**About this exercise**
Give back the full listing as written. No pictures go with it.

**Source material**

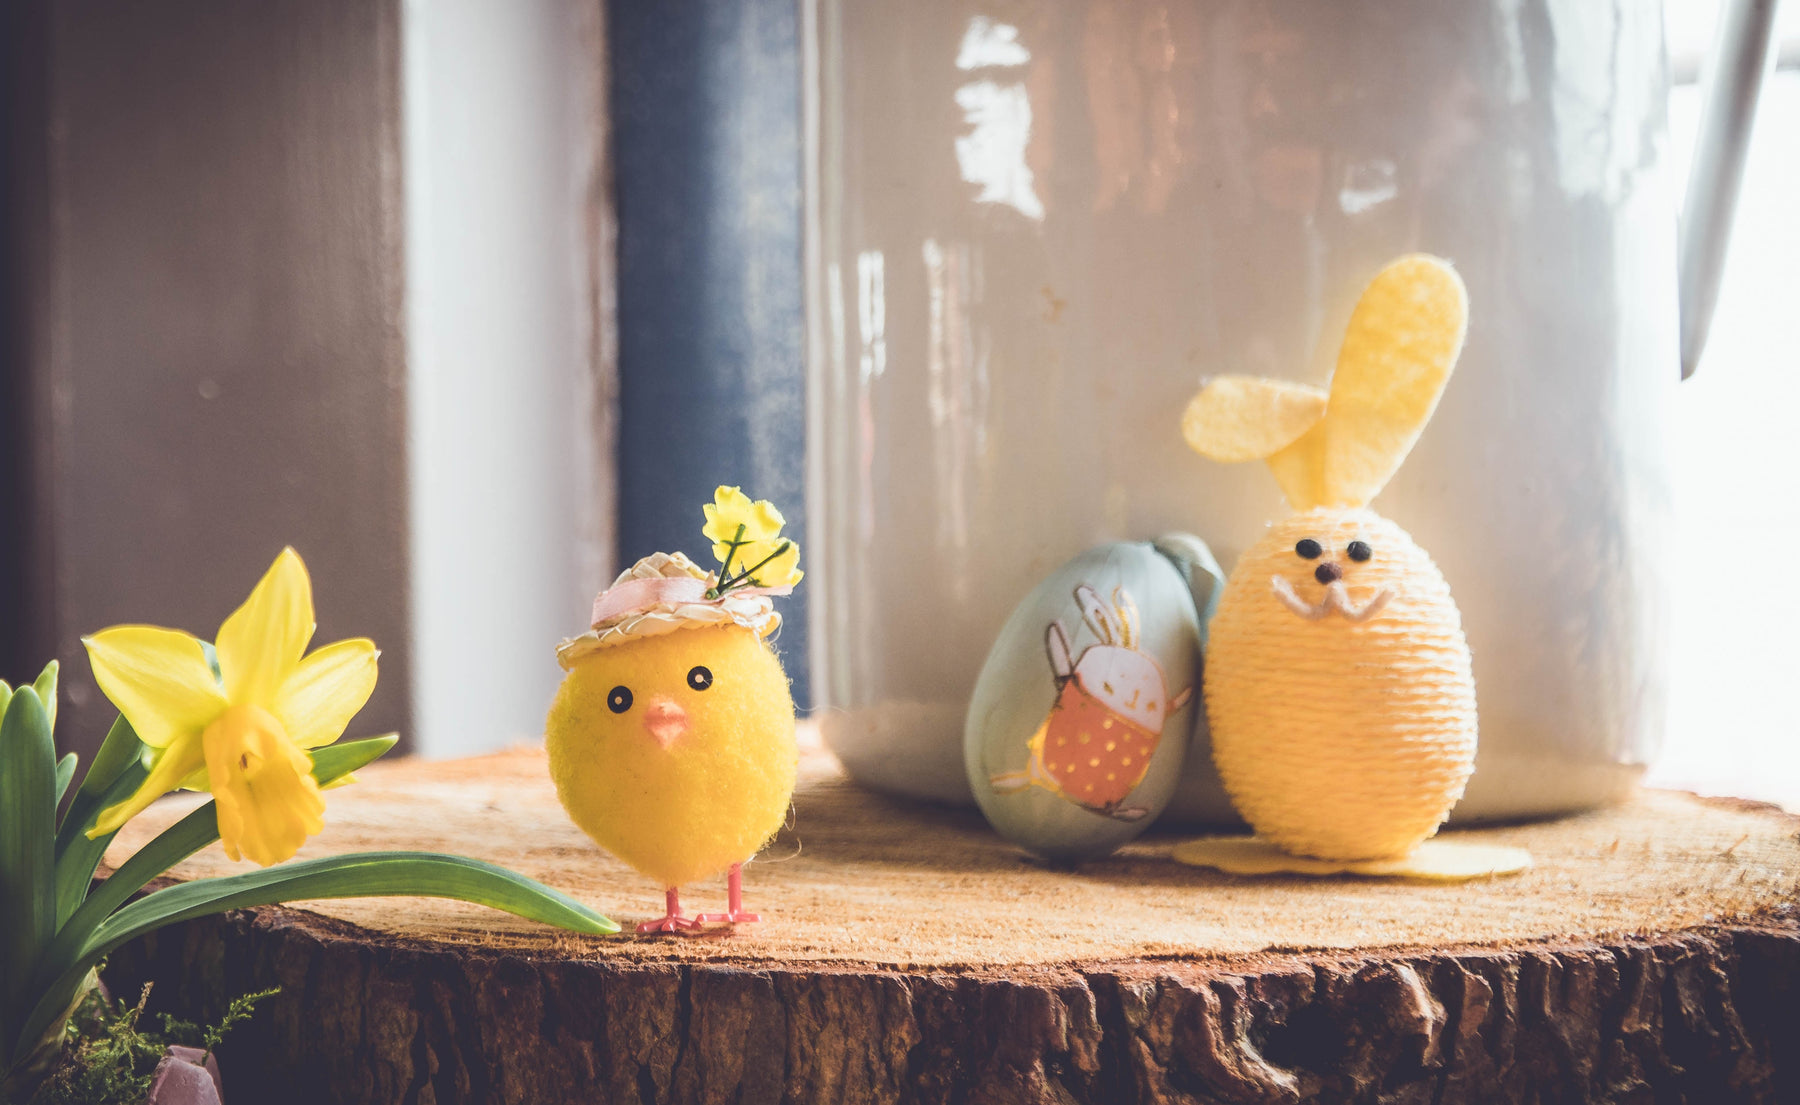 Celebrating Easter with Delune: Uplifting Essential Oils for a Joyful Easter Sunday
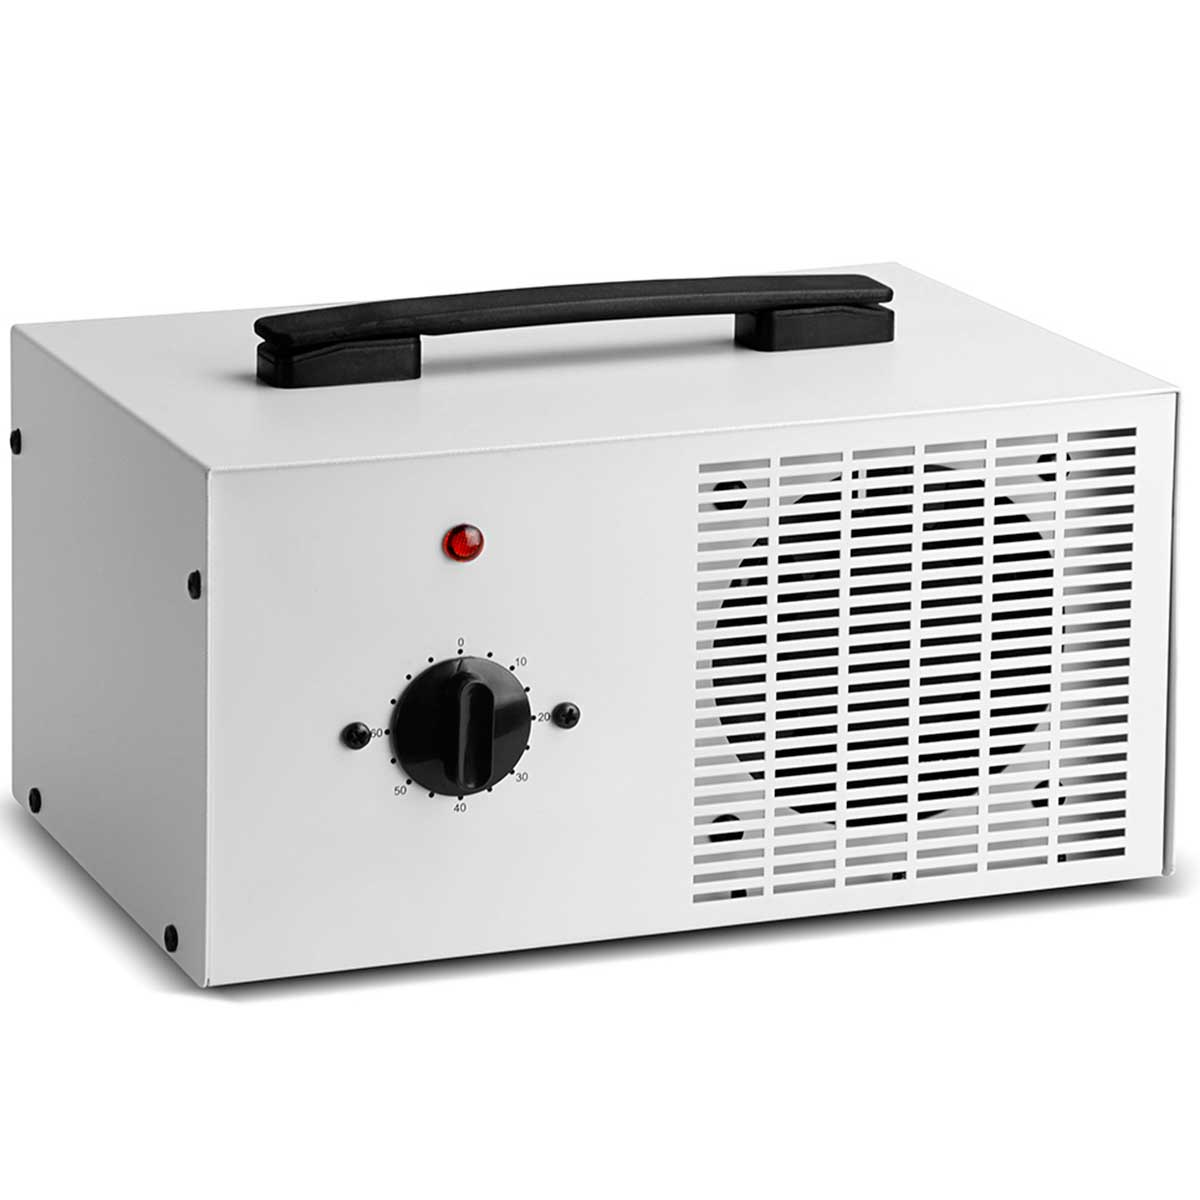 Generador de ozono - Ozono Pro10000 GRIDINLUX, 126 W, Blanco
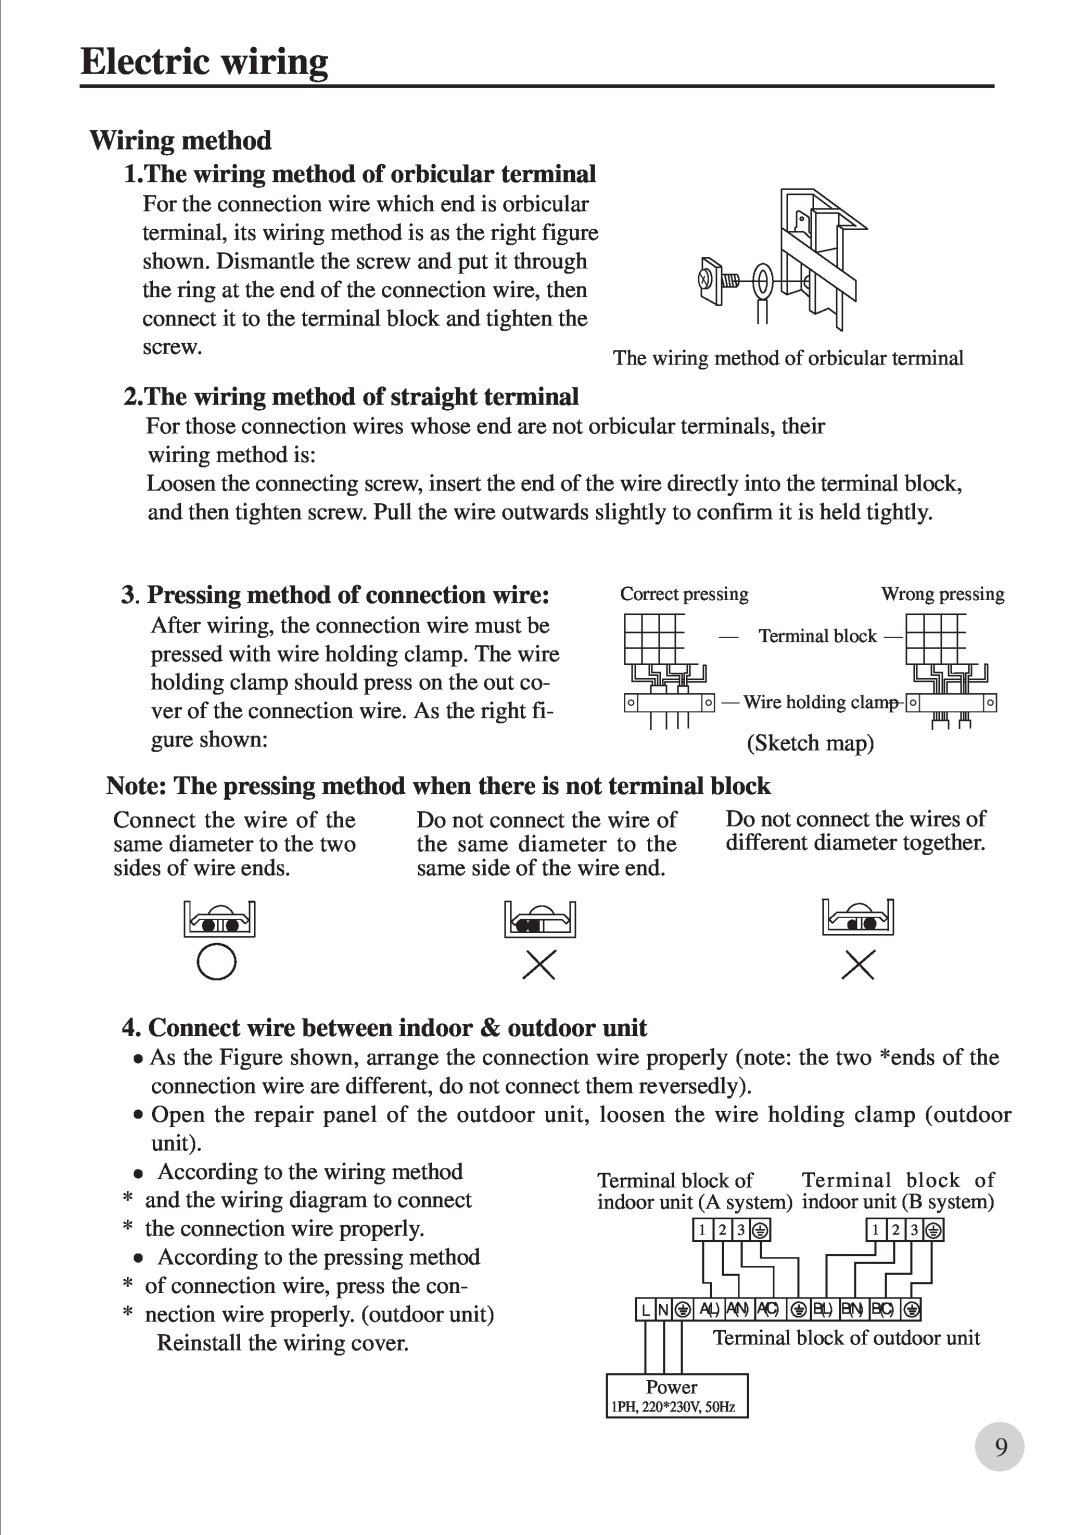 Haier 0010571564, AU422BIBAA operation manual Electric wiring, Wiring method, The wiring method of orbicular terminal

**Answer box**
 Celebrating Easter with Delune: Uplifting Essential Oils for a Joyful Easter Sunday
 Generador de ozono - Ozono Pro10000 GRIDINLUX, 126 W, Blanco
 Haier 0010571564, AU422BIBAA operation manual Electric wiring, Wiring method, The wiring method of orbicular terminal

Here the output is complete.